Your goal> Your output should be everything below from the line containing "mecanico trocando bateria carro automovel" down to the line containing "Peeled Banana Drawing At Getdrawings", both ends included, copied exactly, with pictures left out.

::: Input data :::

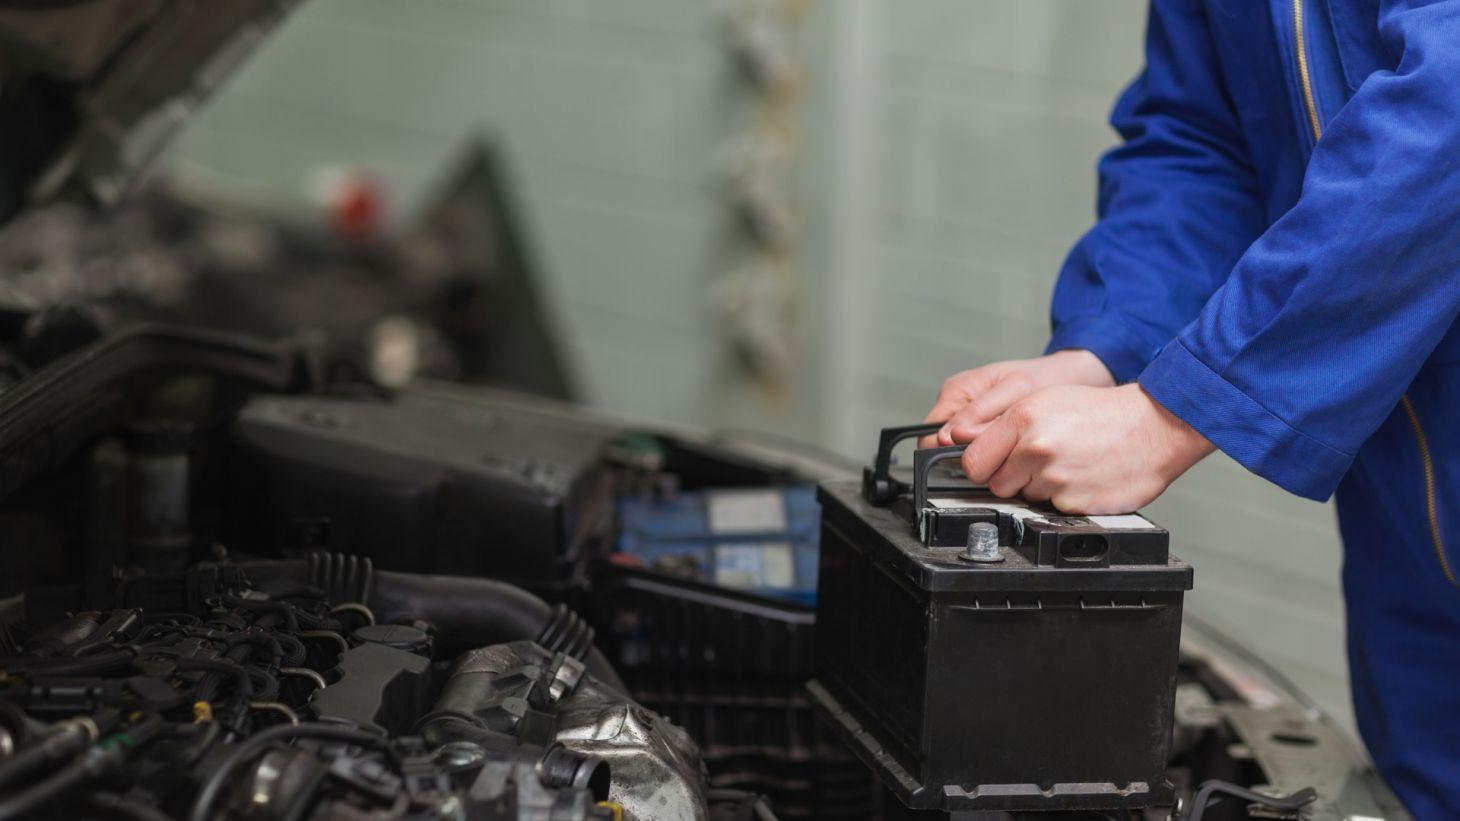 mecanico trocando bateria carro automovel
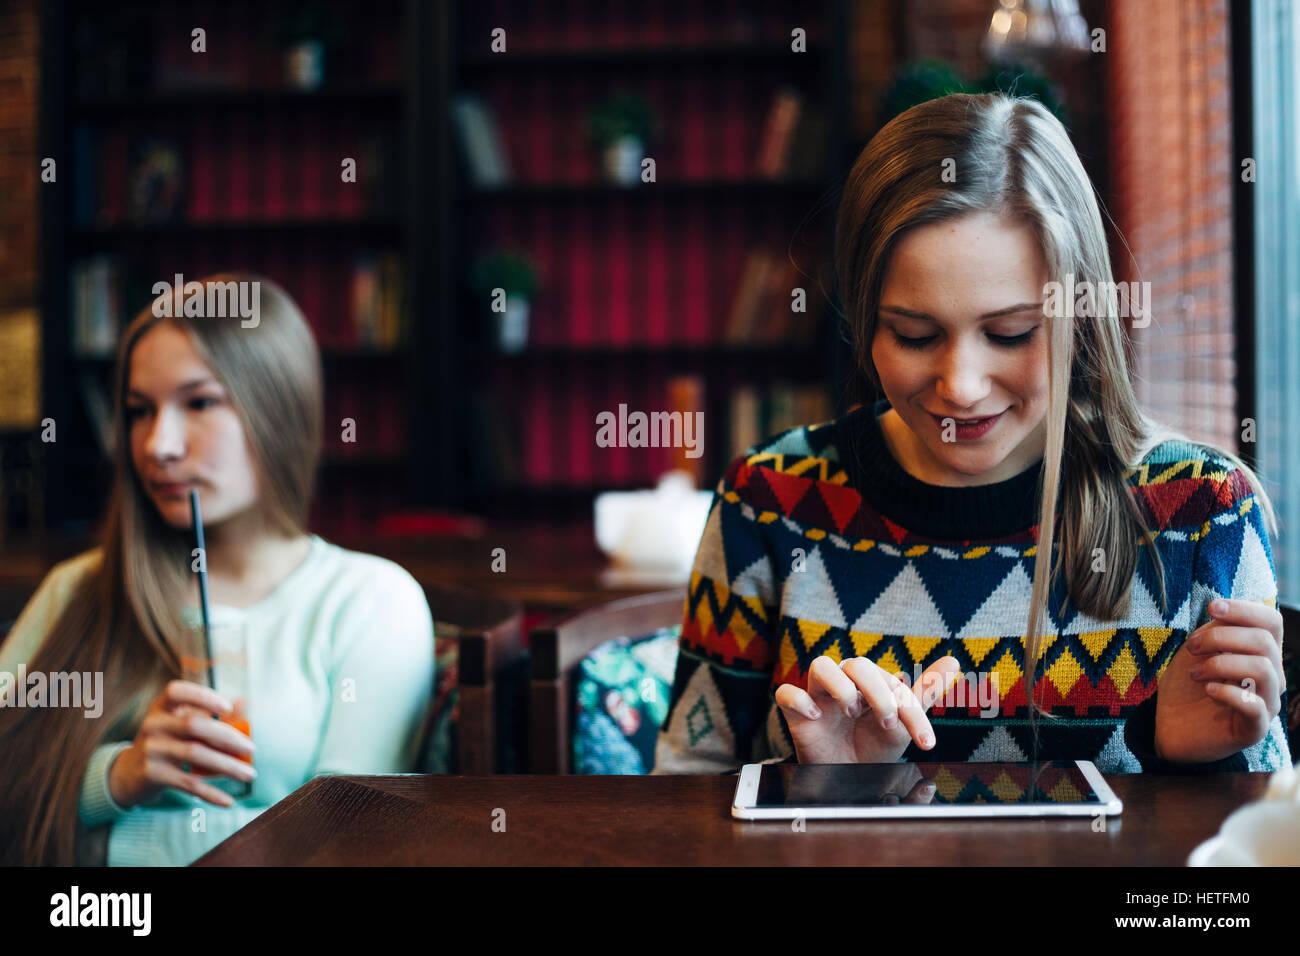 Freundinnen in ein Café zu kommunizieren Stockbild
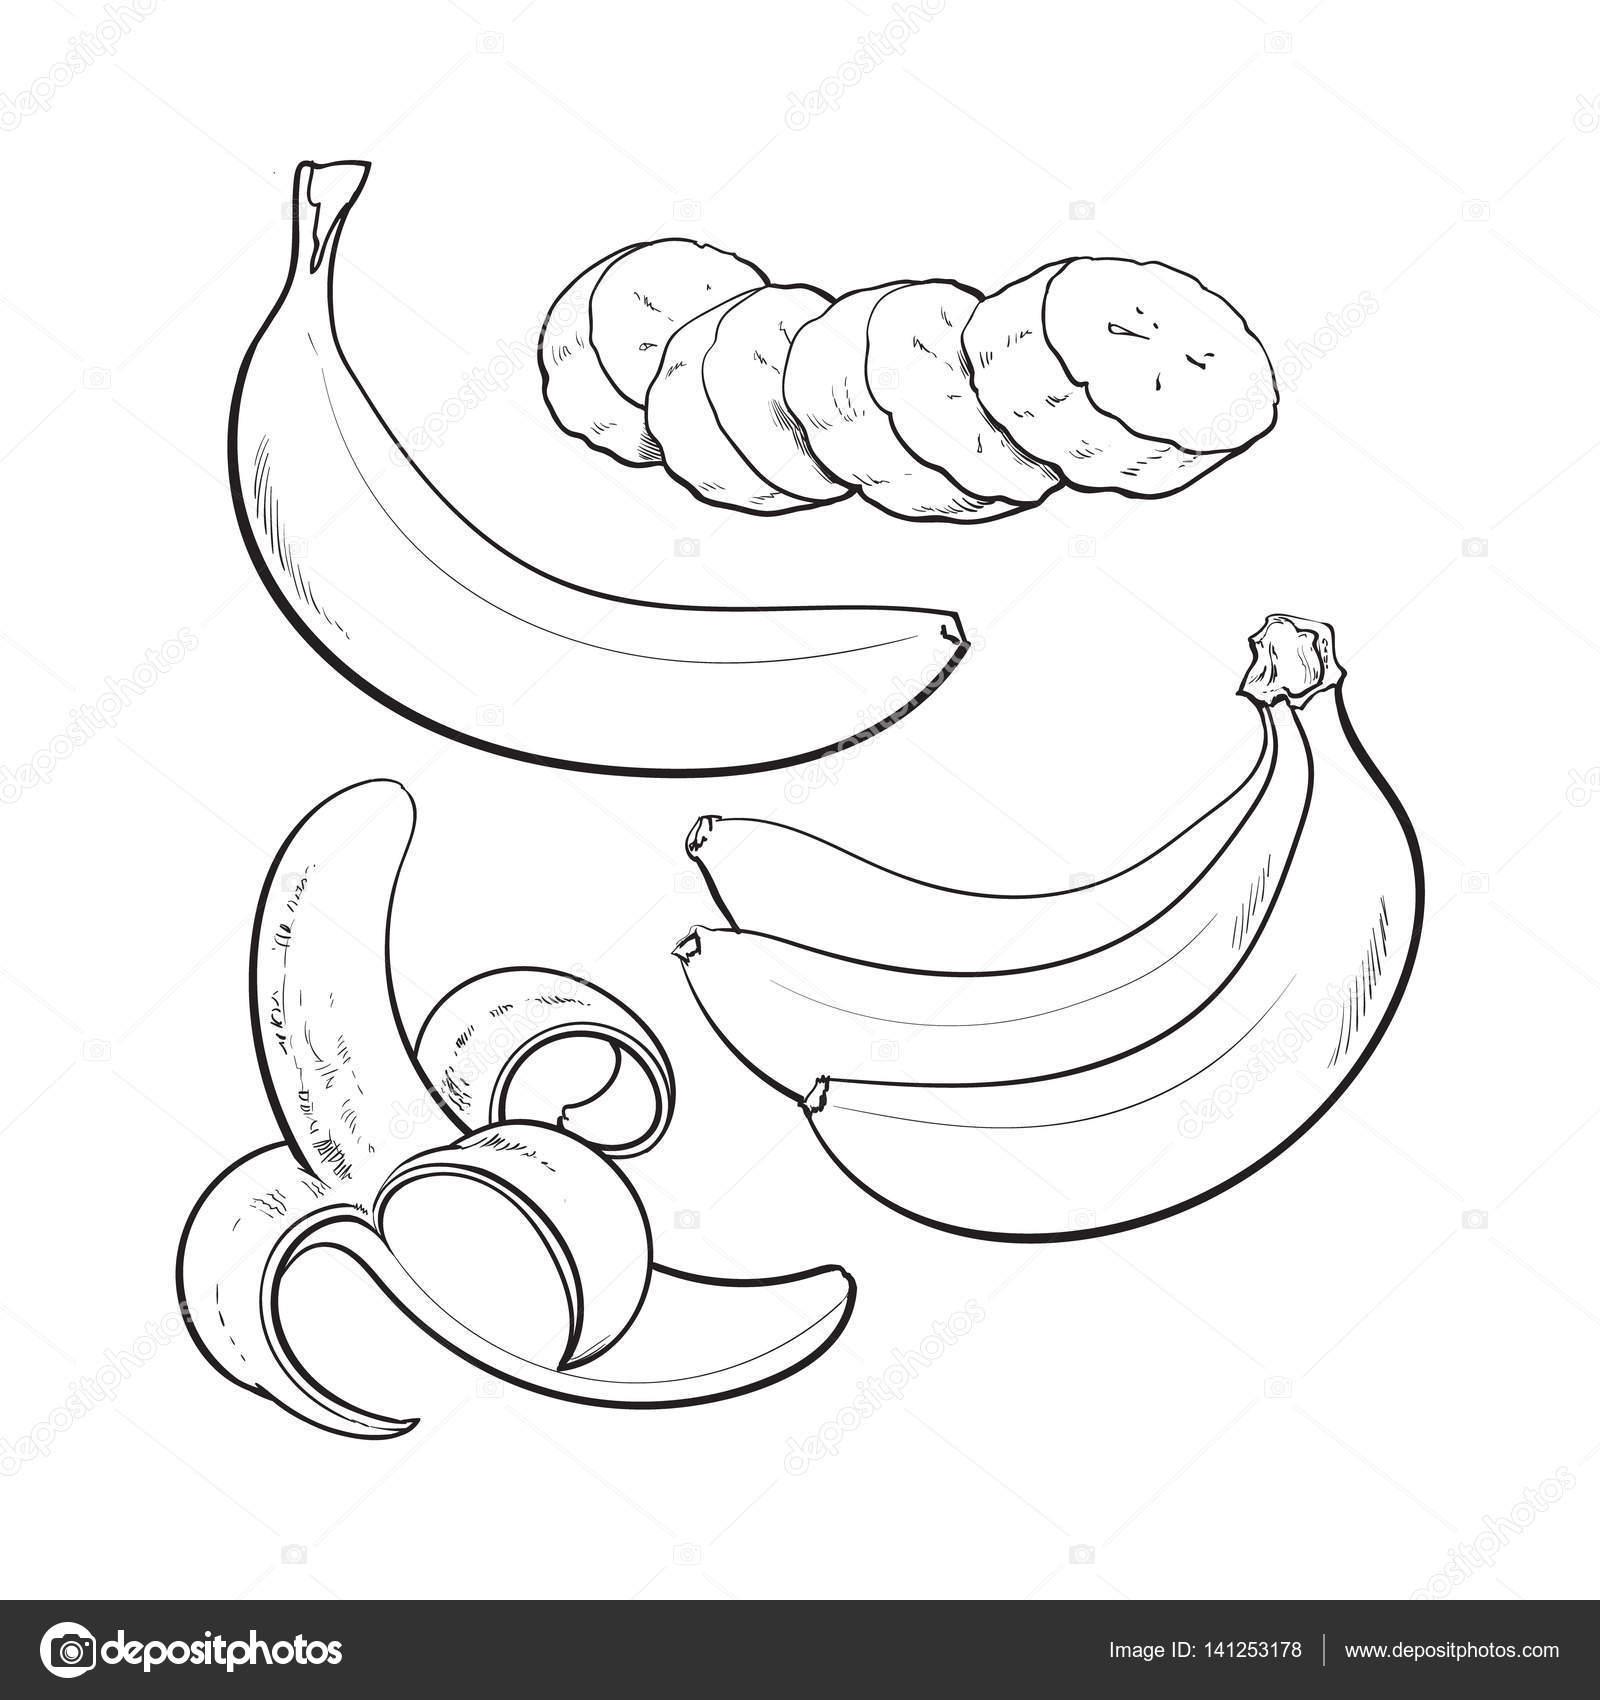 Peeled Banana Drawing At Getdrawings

:::
::: Input data :::

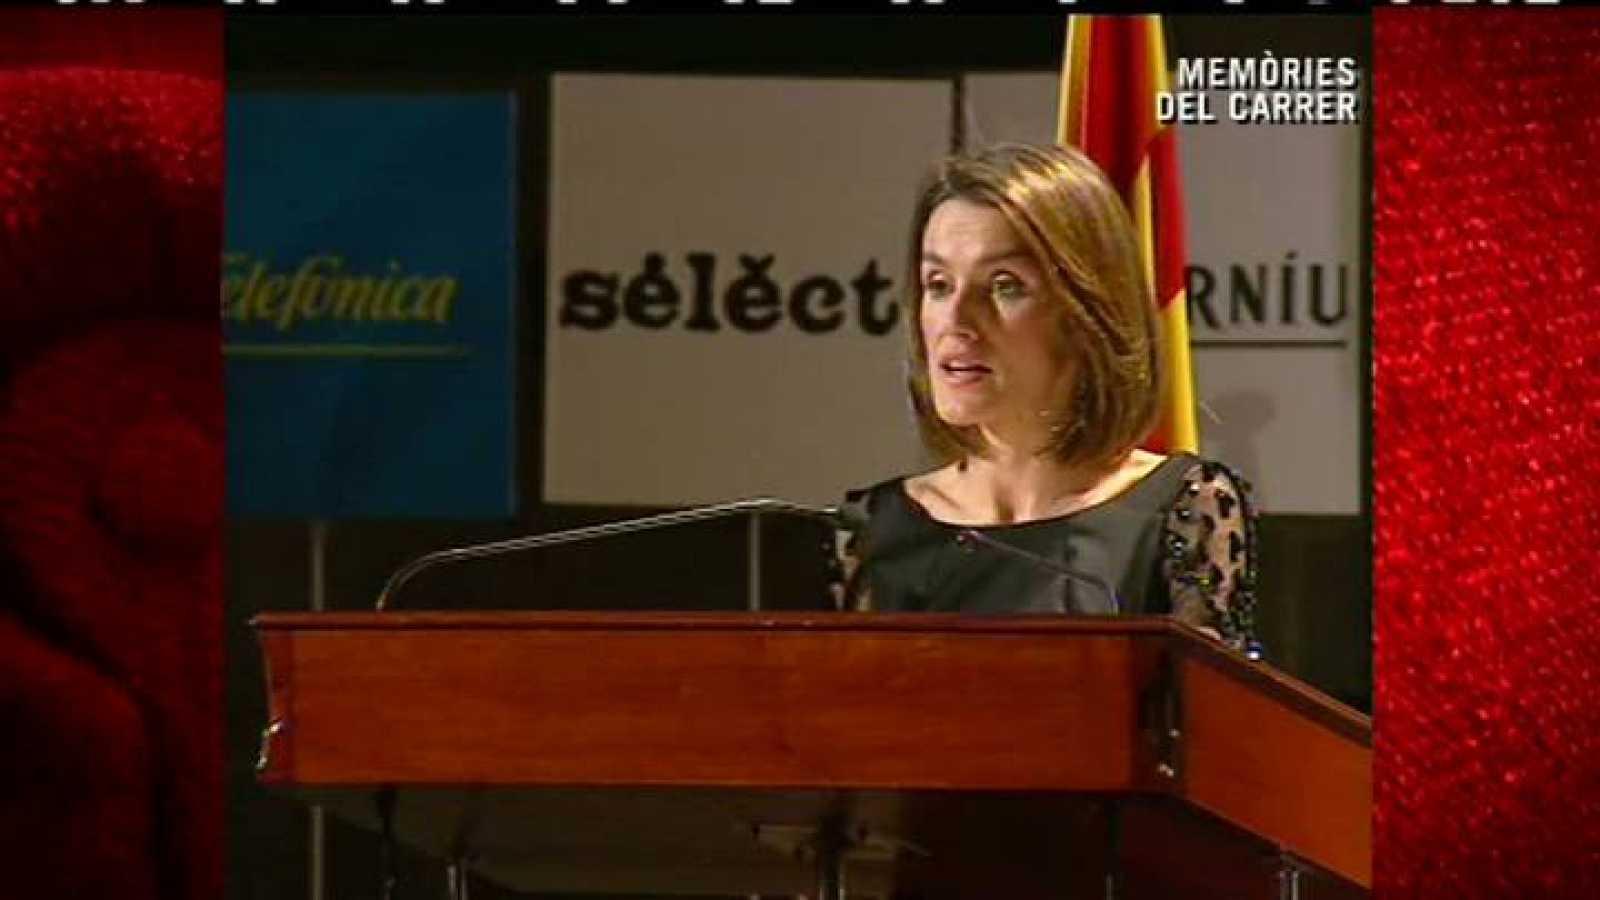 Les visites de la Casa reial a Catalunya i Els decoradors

:::
::: Input data :::

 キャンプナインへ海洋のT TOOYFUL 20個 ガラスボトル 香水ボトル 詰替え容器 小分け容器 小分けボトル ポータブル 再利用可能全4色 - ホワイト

:::

Exercise output>
 mecanico trocando bateria carro automovel
 Freundinnen in ein Café zu kommunizieren Stockbild
 Peeled Banana Drawing At Getdrawings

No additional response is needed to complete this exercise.